• [Problem details]
Repeat all the lines below exactly, but omit the pictures.

• [Input data]
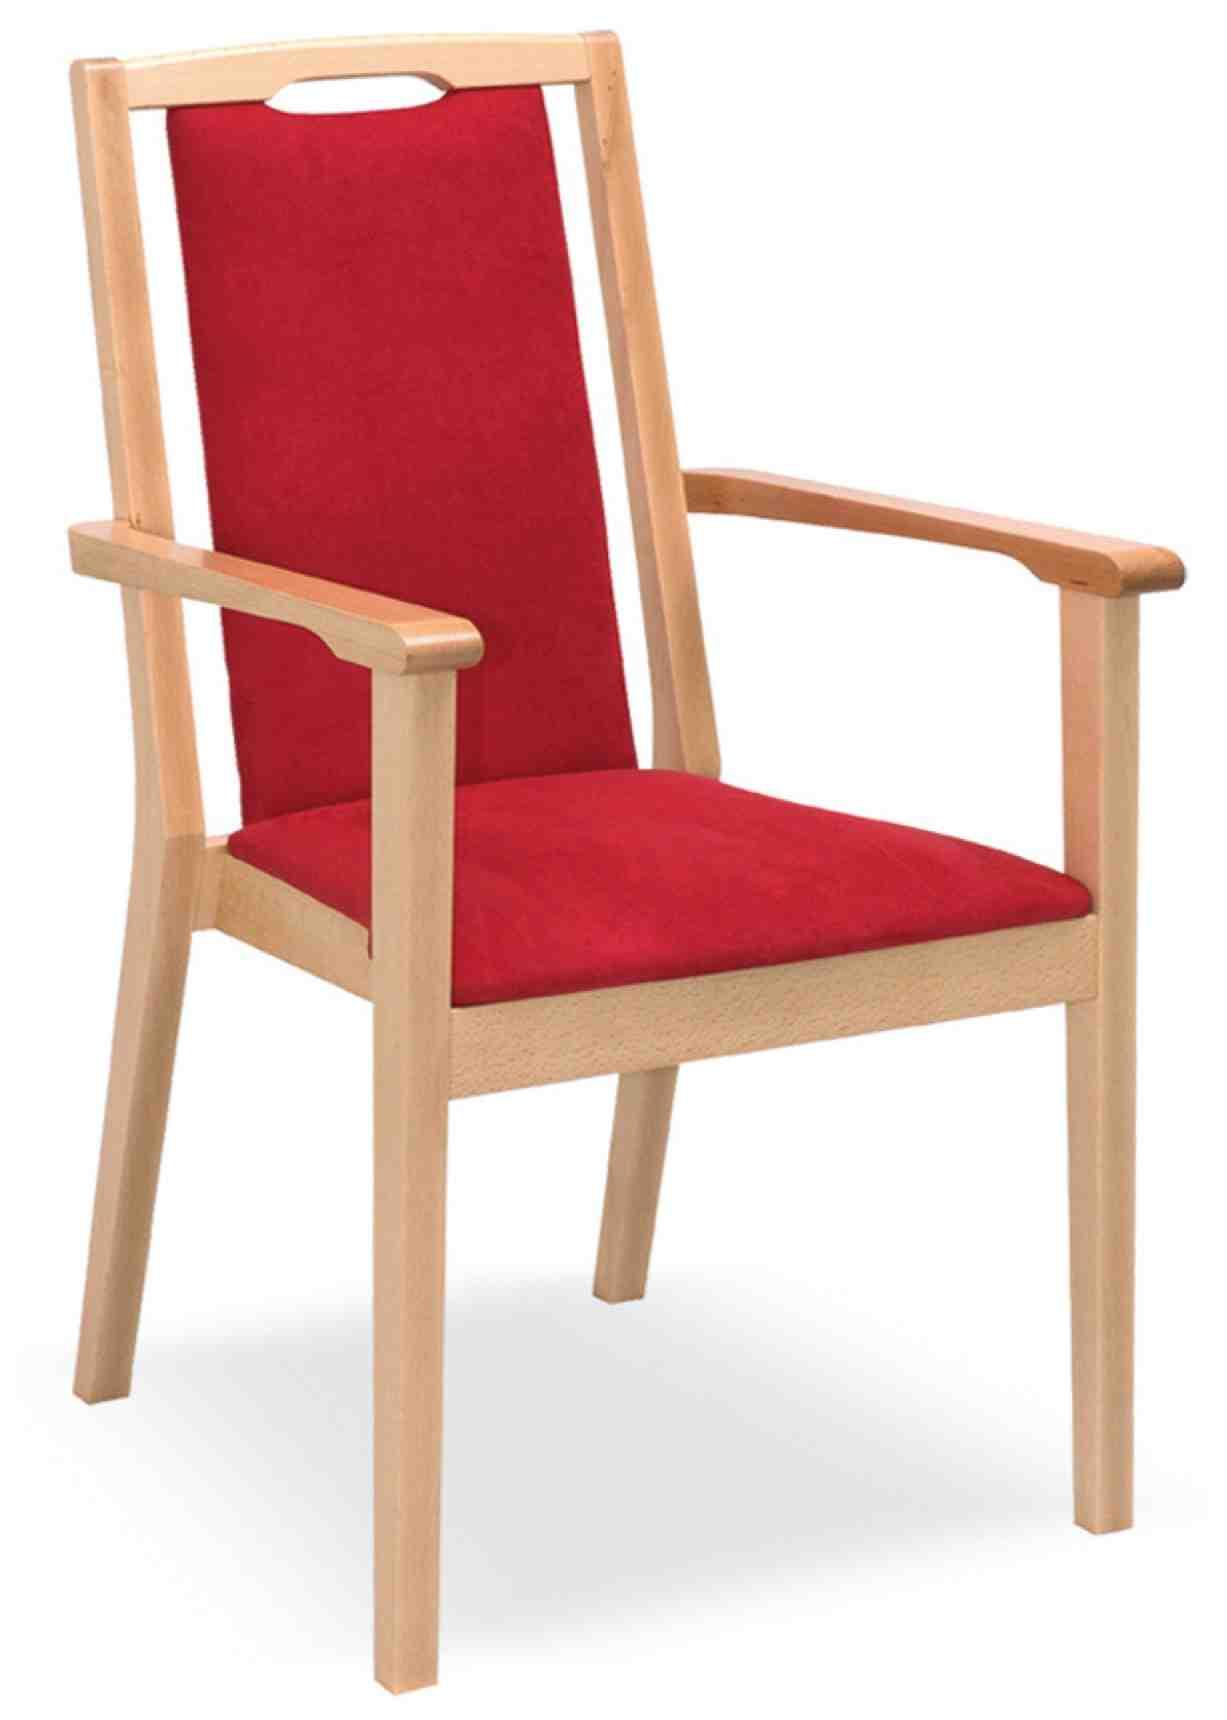 massivholz hochlehner sarajewo 2 stoffbezug mit n sseschutz st hle mit holzgestell. Black Bedroom Furniture Sets. Home Design Ideas
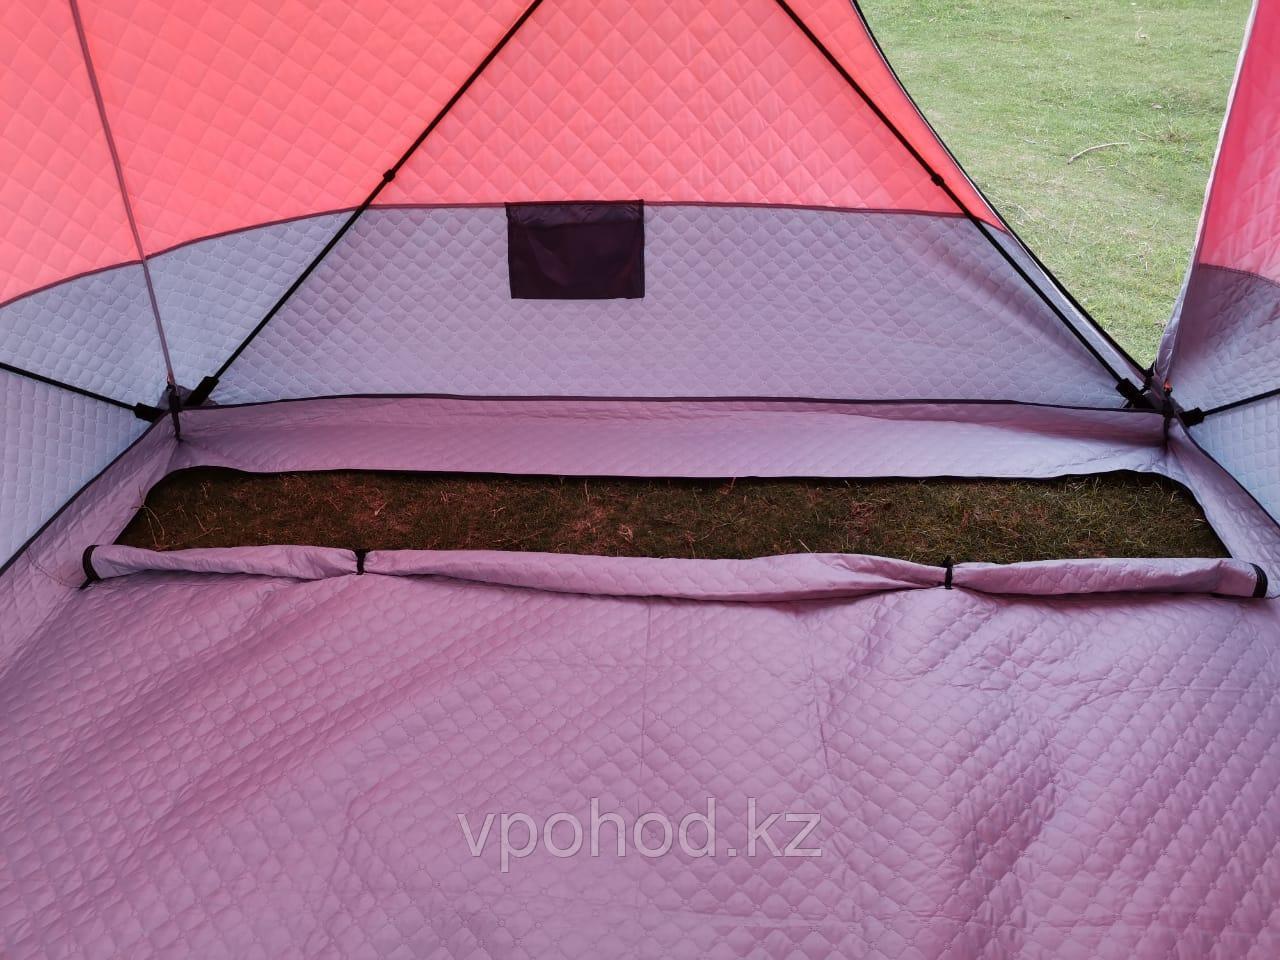 Пол для палатки Mimir 2019
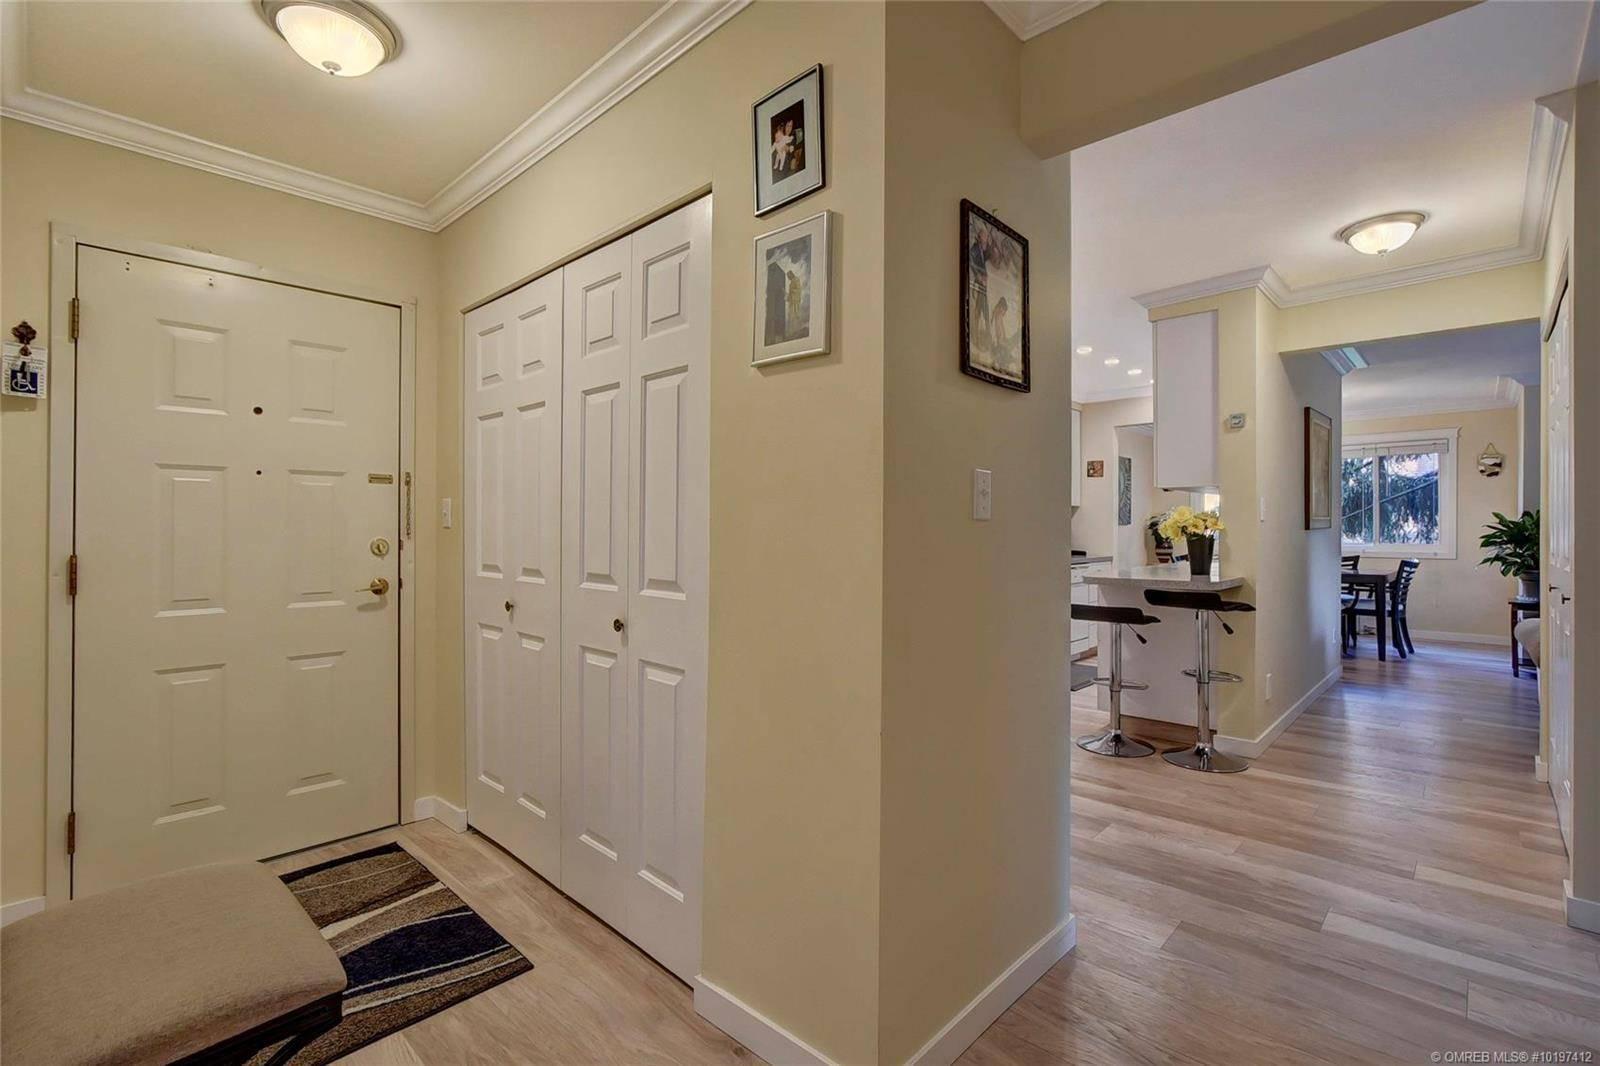 Condo for sale at 1056 Bernard Ave Unit 108 Kelowna British Columbia - MLS: 10197412

• [Response box]
 massivholz hochlehner sarajewo 2 stoffbezug mit n sseschutz st hle mit holzgestell. Black Bedroom Furniture Sets. Home Design Ideas
 Пол для палатки Mimir 2019
 Condo for sale at 1056 Bernard Ave Unit 108 Kelowna British Columbia - MLS: 10197412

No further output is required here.